Vaster than Empires and More
Slow: the Dimensions of Scalability
J. L. Sloan
2005-08-22
Updated 2006-04-03
At
the close of the last century, I found myself deeply immersed in the study of
large-scale hierarchical storage systems. By large-scale, I mean petabytes,
which is on the order of ten to the fifteenth, or millions of gigabytes. Such
systems may seem almost mundane today, in a world of gigabyte flash MP-3
players the size of your thumb. But back in 1994, the system that I worked with
seemed colossal. The storage hierarchy ranged from tens of thousands of offline
tapes, to immense robotic tape libraries, to disk farms, to processor memories.

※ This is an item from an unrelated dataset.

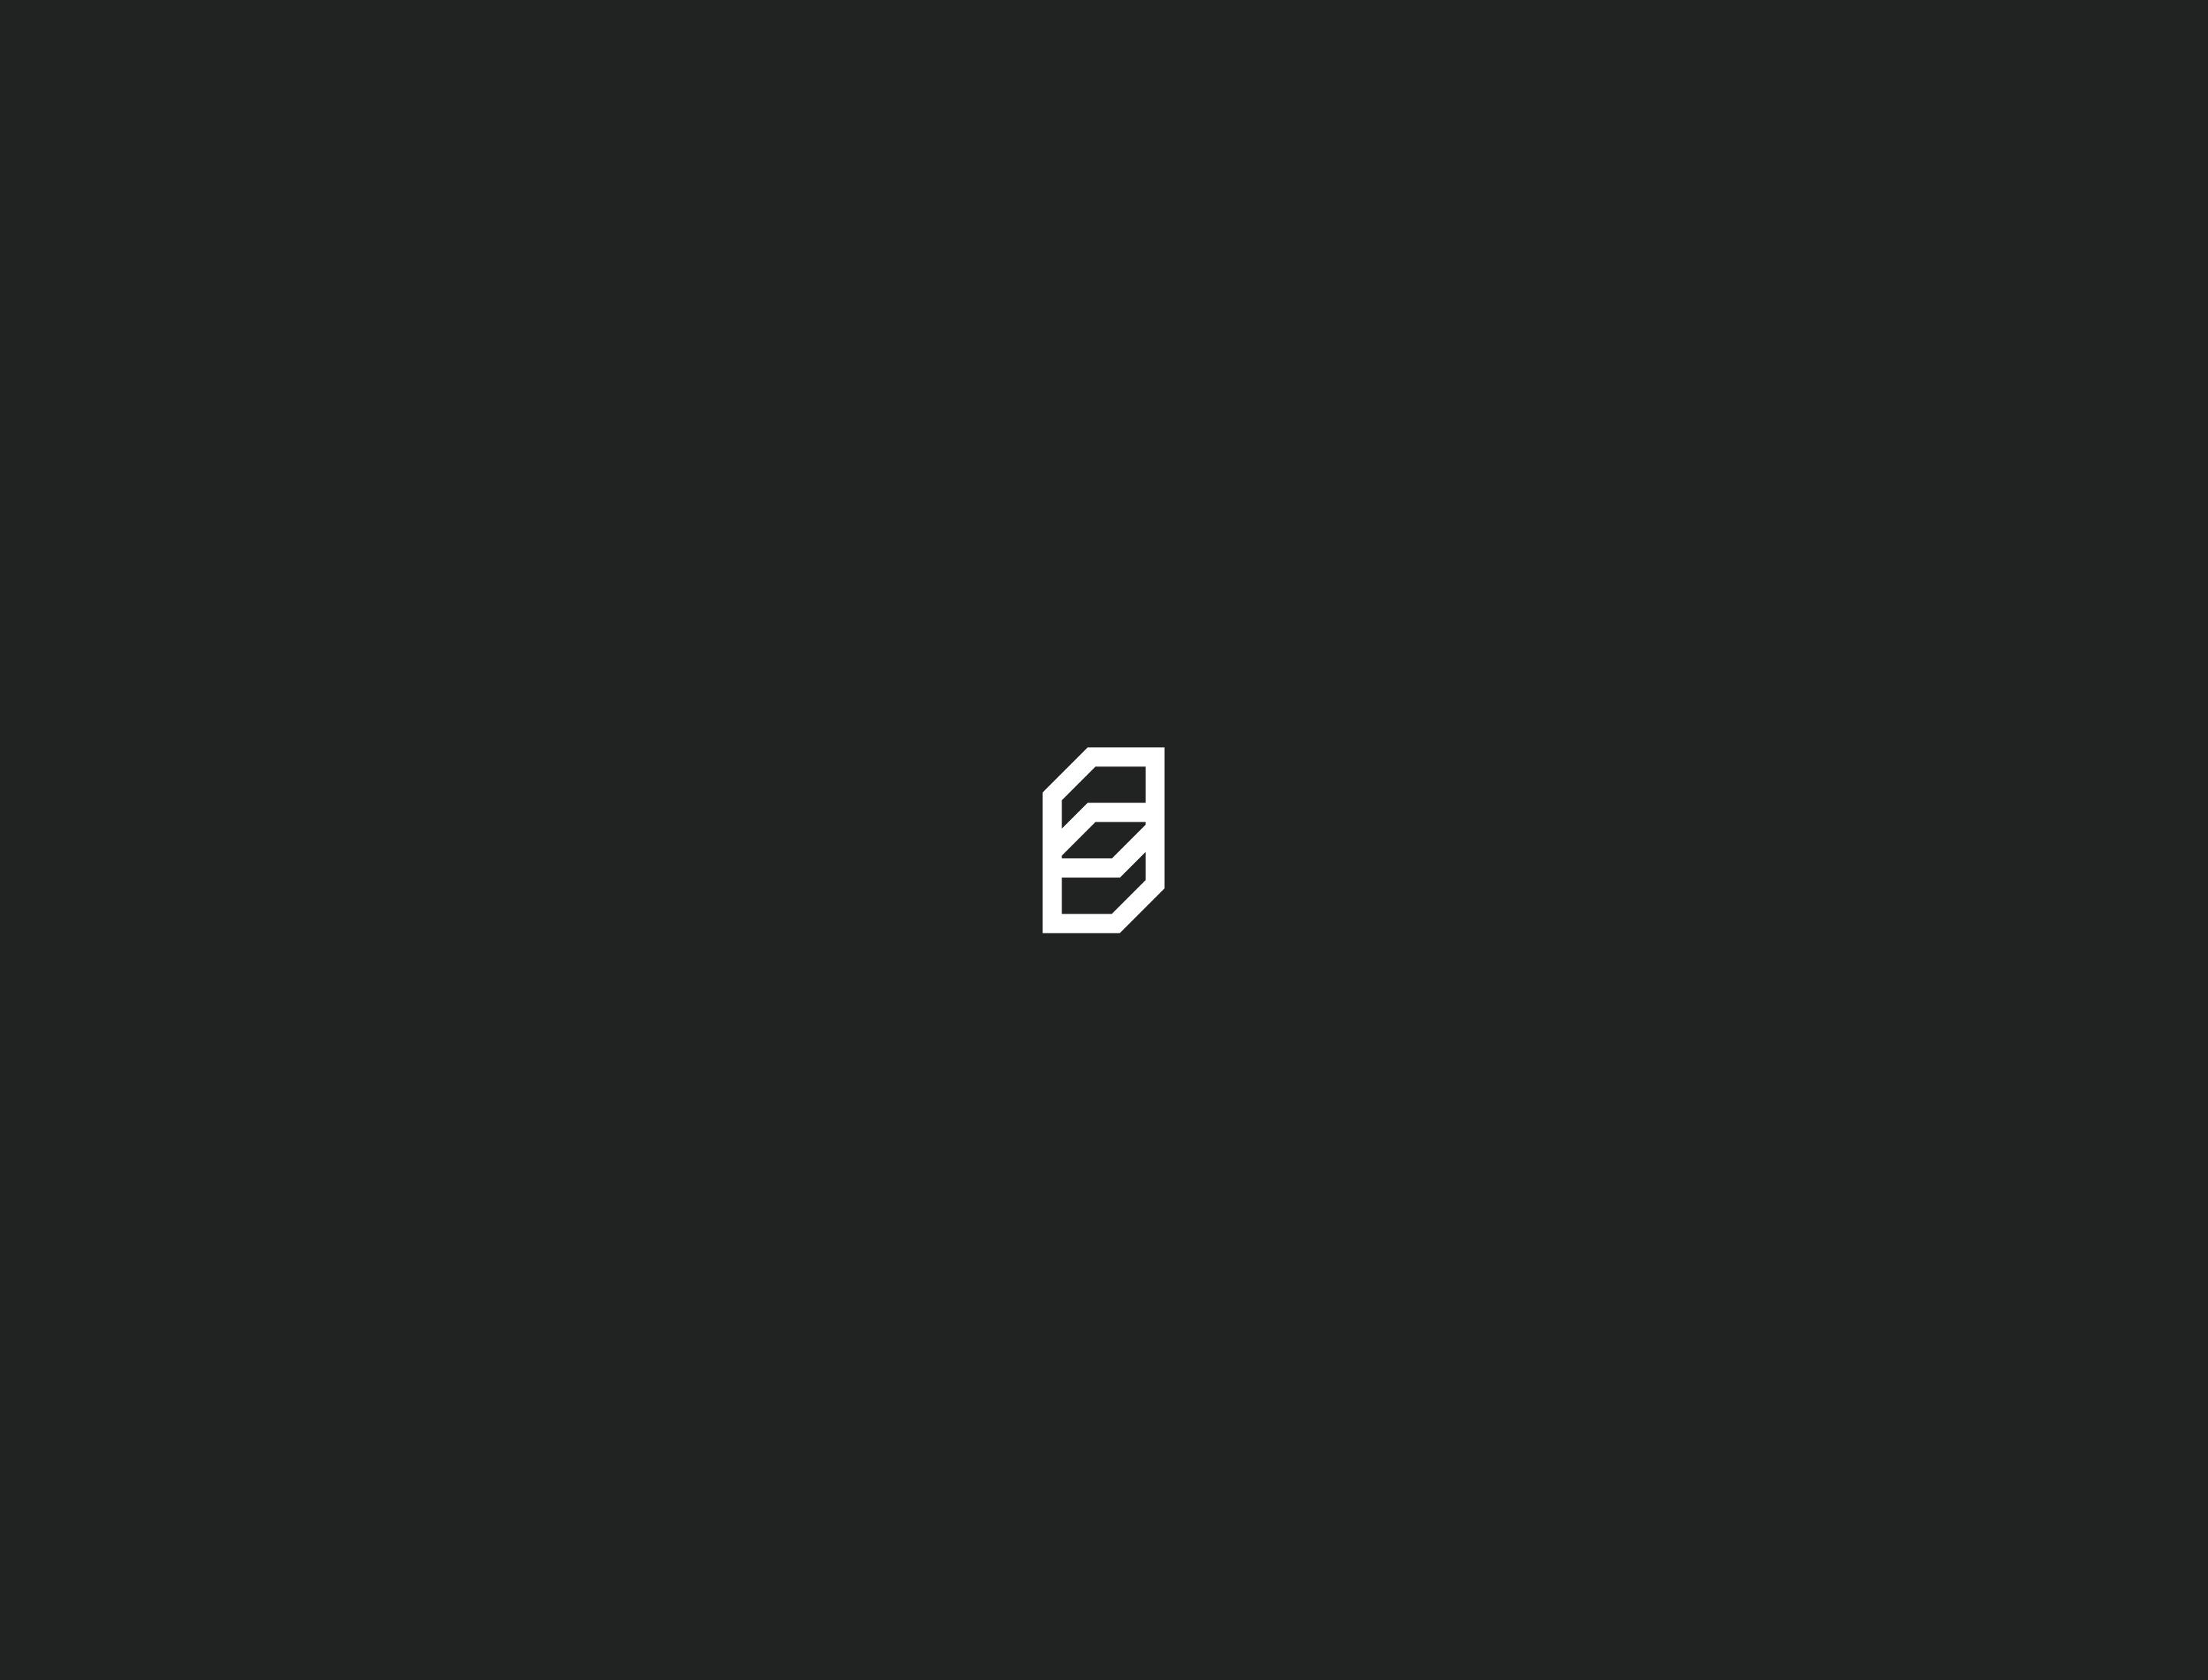 empresarial-vetores_simbolo
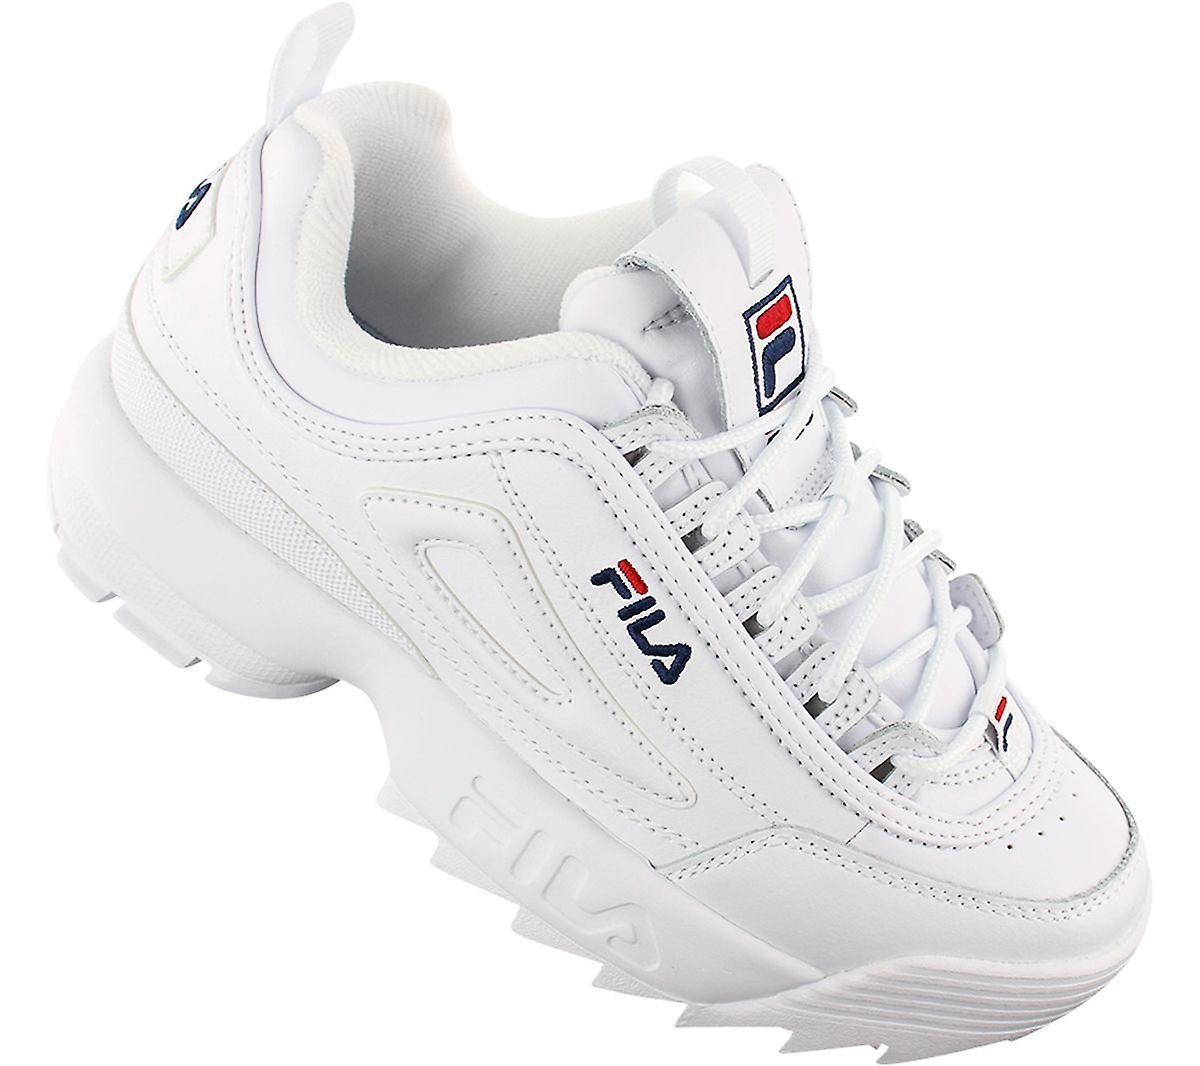 FILA Disruptor 2 Premium 5FM00002-125 - Damen Schuhe Weiß Sneakers Sportschuhe - Gratis verzending hMsbdO

Each of those components was implemented as its own hierarchy of technologies, lending
a fractal aspect to the overall architecture. The system was finely tuned in
terms of tradeoffs of capacity and speed, and, not being an academic exercise
but a production system in daily use by many people, reliability and usability.
I
found myself thinking a lot about cache behavior. Most folks think of caches as
a piece of silicon in the latest microprocessor chip, or maybe just a number on
a data sheet. But caches are all over the place, at all levels in every storage
hierarchy, right down to the yellow sticky notes you place around your computer
screen to remind you to meet a friend for lunch or what your password is.
I
tried, more or less successfully, to model the behavior of the storage system
with trace-driven computer simulations of cache behavior, trying to capture,
for example, the working set size of the cache formed by the disk farm. As hard
as it is to believe, disks, at least of the speed, capacity, and quantity that
we needed to keep a half-dozen supercomputers fed so that their applications
did not stall waiting for data, were expensive. Finding the right tradeoff for
disk farm capacity versus system performance was financially important enough
that it made the modeling, which was itself a supercomputer application,
worthwhile. I was sufficiently successful in my quest that I published several
papers on the topic.
One
of the papers I read by a fellow researcher in this area remarked that ultimately,
all problems in computer science boiled down to cache behavior. I knew this
wasn’t literally the case, but it had a ring of truth in it that I liked. All
forms of human endeavor are interconnected. If you study stamp collecting to
sufficient depth, you will probably find that most if not all of the history of
human civilization and all of its science is encapsulated in the domain of
stamps, postage, ink, glue, and the transmission of messages. Or, you could
study motorcycles, going back to the invention of the wheel, and even further
to the use of logs to roll big stone blocks. Author and television personality
James Burke has made a career of observing the connections between
technological developments that might otherwise seem unrelated.
But
in computing, caches show up with almost alarming frequency for another reason.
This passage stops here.